If your relationship has ended through divorce, you understandably may be in a lot of pain. Your brain needs to process what happened so that you will not find yourself in that position again. Secondly, you need to work through a forgiveness process to move on with your life. Following this four-step approach can help.
Acknowledge your Pain and Hurt
Psychologists disagree on the definition of forgiveness, but most acknowledge that forgiveness is a gift you need to give yourself before being emotionally and physically healthy. The first step is to acknowledge the pain that you are feeling. It is part of the human experience. Since this is a painful situation, find someone to talk to about what you are feeling. If you do not have such a person in your life, then a psychologist can help.
Identify the Hook That is Stopping Closure
If you have ever turned over a book and read the back cover or the inside flap and instantly knew that you had to have that book, then you have experienced a hook. You need to discover the hook that is holding you to the relationship. Often, journaling can be a great way to identify the hook. Once you have it identified, you can develop a plan to replace that hook with a positive action that will help you grow personally.

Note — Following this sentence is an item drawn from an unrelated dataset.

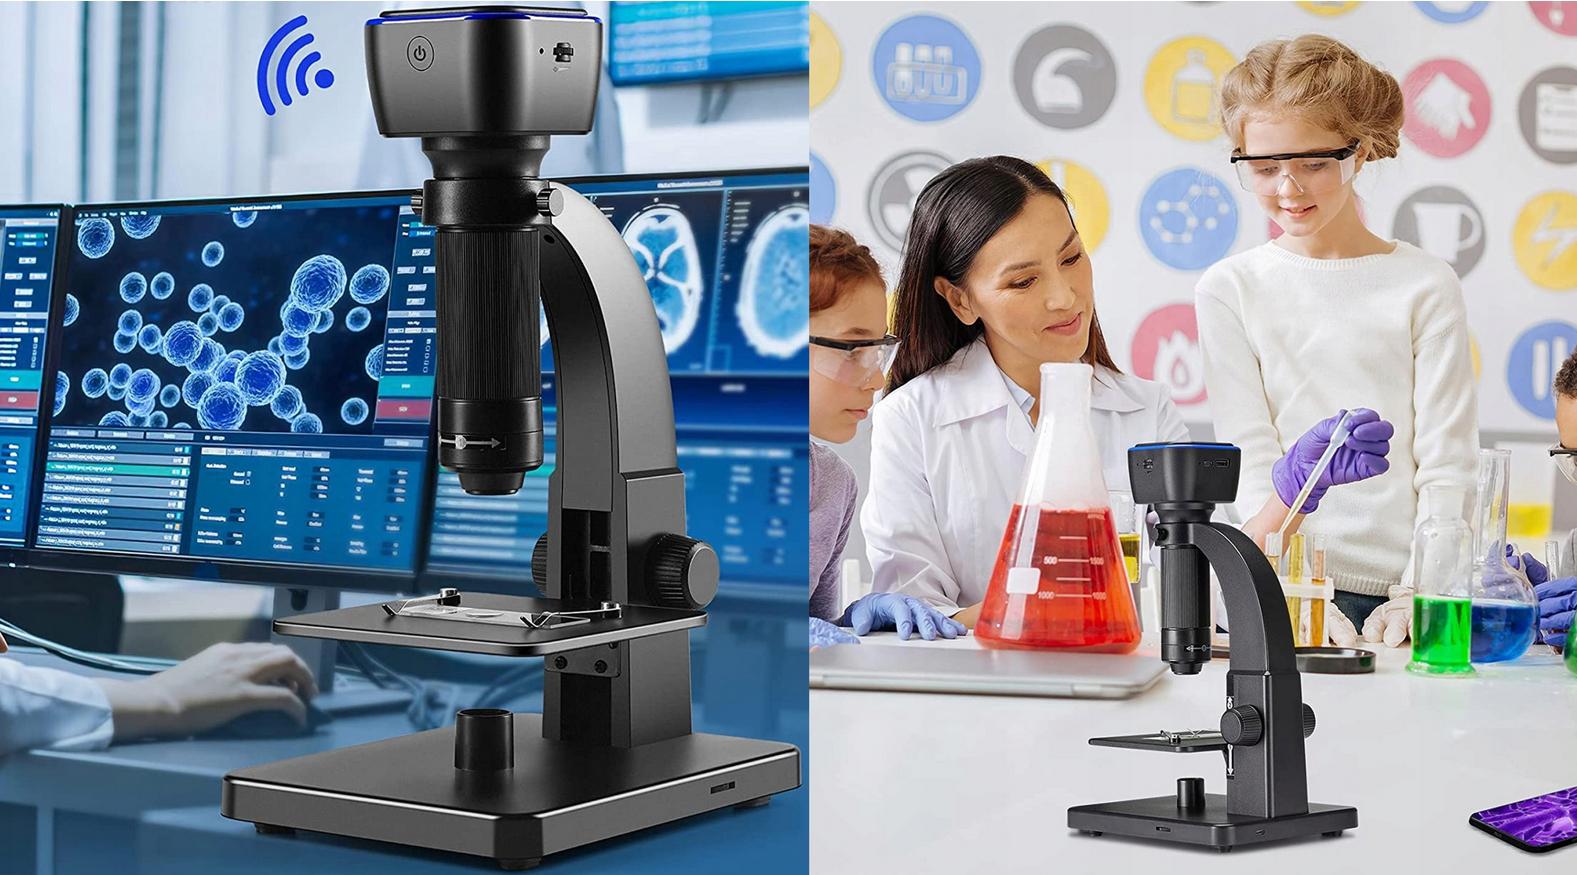 INSKAM 315W - wybierz nowoczesny mikroskop z opcją robienia zdjęć i dziecinnie prostą obsługą!

Setting a goal and accomplishing that goal can be an essential step in moving forward. Make sure that your goal is specific, meaningful, attainable, relevant, and timely. Then, reward yourself when you reach the goal.
Work Out Your Feelings
Research shows that writing a letter to the person who ended the relationship about the positive things about the relationship ending is the most effective way to find closure. You may or may not choose to send the letter.
Renounce Your Anger and Resentment
The final step is to renounce your anger and resentment. Realize that it may come back over time, but that you have control of your emotions, so you have the power to tell those emotions to go away.
Why Do You Need Closure?
While the end of a relationship may seem like closure, your brain needs to understand what happened. Without proper closure, you may keep repeating the same cycle, even with a different person. Therefore, you need to seek emotional closure, allowing your brain to have an authentic narrative about what happened. Finding closure is the first step in being ready to open yourself up to a new relationship and strengthening other relationships already in your life. Forgiveness is a meaningful gift that you give yourself after relationship loss. It is a process, and you may need to work through this cycle numerous times. It can be a painful process, but you will emerge a better person ready to enter into a healthier relationship.